Though gender may be considered a delicate and contentious topic, the disparities between males and females in health are crucial to address. Apart from political, economic, and social considerations, biology has shaped men and women differently based on genetics. Both men and women differ in different ways that go beyond the X and Y chromosomes. Sometimes, this disparity can be seen biologically between men and women in the way that they differ in their body structure, physical development, and so on. According to different studies undertaken by various researchers, men's metabolisms accelerate by up to 14% after brief durations of fasting i.e., for 12 or 24 hours. Various other effects that may occur in the body of the male as a result of intermittent fasting are an increase in growth hormone application ranging from 10 to 200%, a boost in testosterone ranging from 100 to 200%, advancement in total cholesterol levels to facilitate the elevated production of hormones and lower risk factors for coronary heart disease. On the other hand, women do not adhere to intermittent fasting in the same way their male counterparts do. Women's bodies react differently to instances of fasting and starving than the males. In comparison, the metabolism is lowered to preserve calories and gain weight in preparation for possible long-term starvation. This implies that for women's bodies, intermittent fasting may not be as beneficial as it is to men. 

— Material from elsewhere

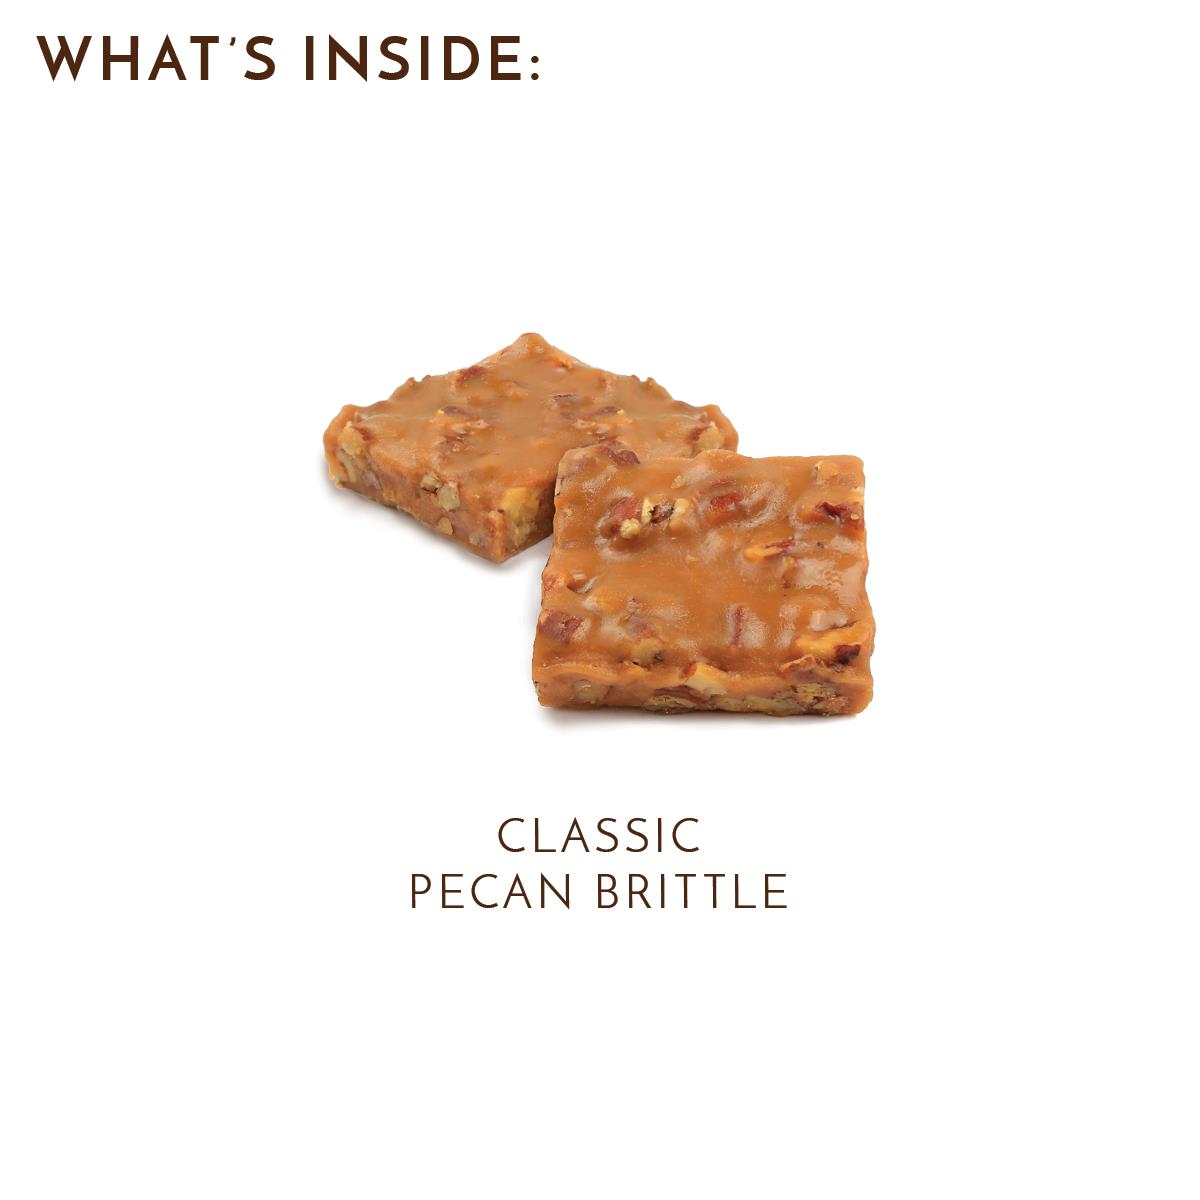 Enjoy and Savor Ethel M Chocolates Most Favorite Crunchy, Buttery Classic Pecan Brittles.
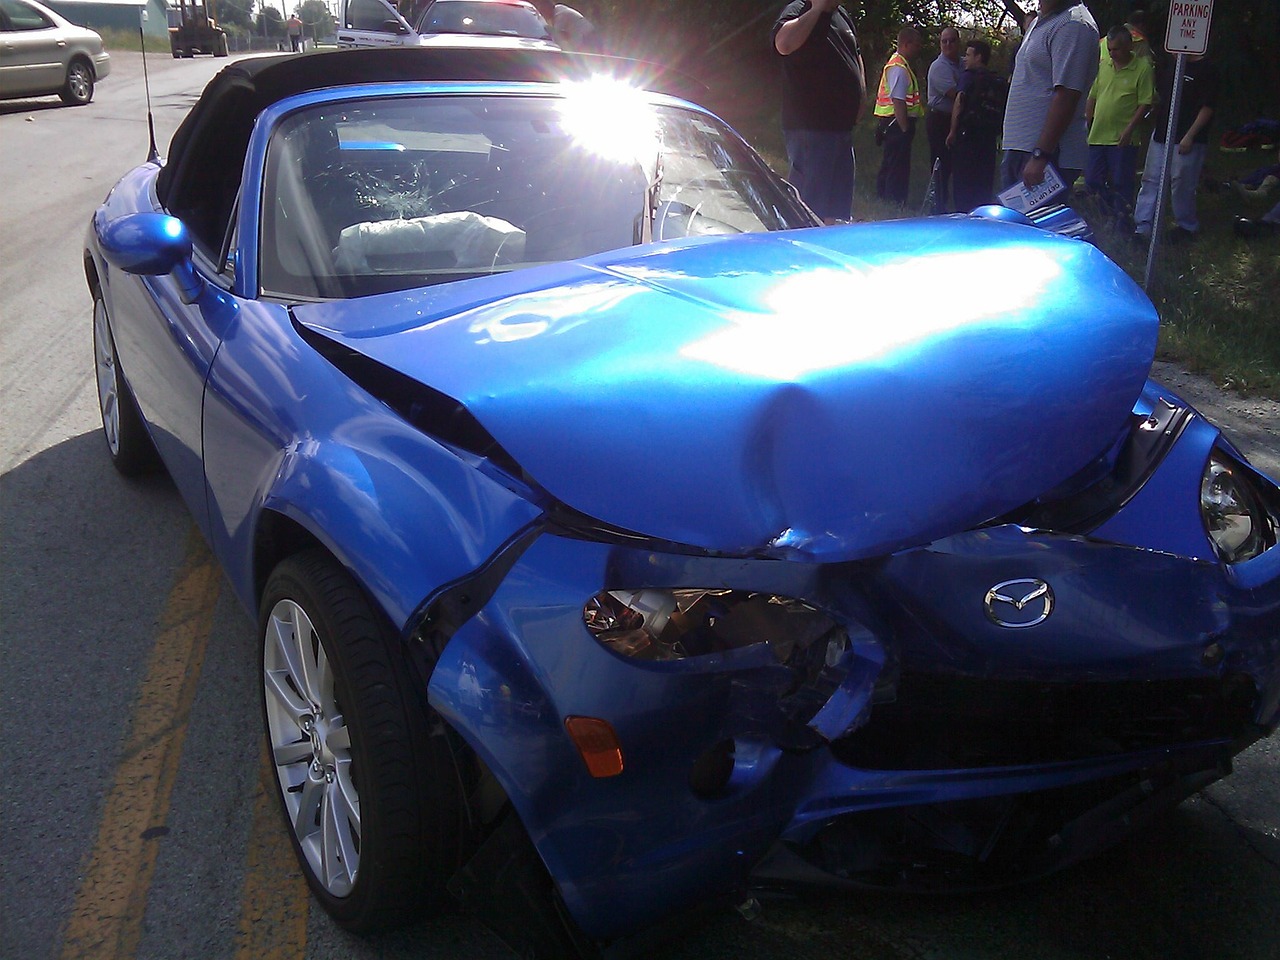 6 Reasons to Wait on Your Insurance Settlement after a Car Crash

Women also undergo periods every month; hence, they are more affected by hormonal imbalance than men. On those specific days, it is of utmost necessity that one should listen to their body, especially when one's period is approaching or when one is on her period. It is advisable to eat nutrient-rich foods on such days to get enough strength to cope with the situation. In such a case, intermittent fasting may potentially deprive a woman of having nutrient-rich foodstuffs. Thus, they should ensure that they are obtaining enough nutrients to enhance their health by maintaining a constant flow of high-quality calories. Women may hence benefit more than men by sticking or adhering to the traditional way of having four to six light meals every day. 

Also, women who are pregnant or are about to conceive should avoid intermittent fasting. Diets that emphasize consistency in food consumption rather than rigid calorie restriction are especially helpful for women who desire to conceive. This is because intermittent fasting can disrupt the period (menstrual) cycle in women resulting in missed periods or infertility. On the other hand, intermittent fasting may increase fertility in women with polycystic ovarian syndrome. Researchers discovered that obese women with PCOS, who limit their calorie intake per day, per week, or month, have higher levels of the interstitial cell-stimulating hormone, which modulates ovulation.

The Bottom Line

Intermittent fasting is a dietary strategy consisting of regular or brief fasts. Many types of research have been conducted, and all of them indicate the benefits of this eating pattern. Regardless of the various approaches that have been created, there is one core fact about Intermittent Fasting: it is a pattern of eating that must be tailored to the lifestyle and experiences of every individual. One may either feel better following any of the fasting methods (such as the 16:8 method or the 5:2 method, 24 Hour fasting method, or even alternate day fasting and so on) or may go continuously for two days without consuming food. It necessarily depends upon the individual undertaking this fasting regime. For some individuals, intermittent fasting might be beneficial in causing weight loss by reducing the amount of calorie intake where various hormones are at play, whereas for some, intermittent fasting might not work at all. Hence, it is very important for individuals to first understand their appetite to know about the status of their own body and mind, which then will lead them to find a proper rhythmic and beneficial pattern to follow for intermittent fasting.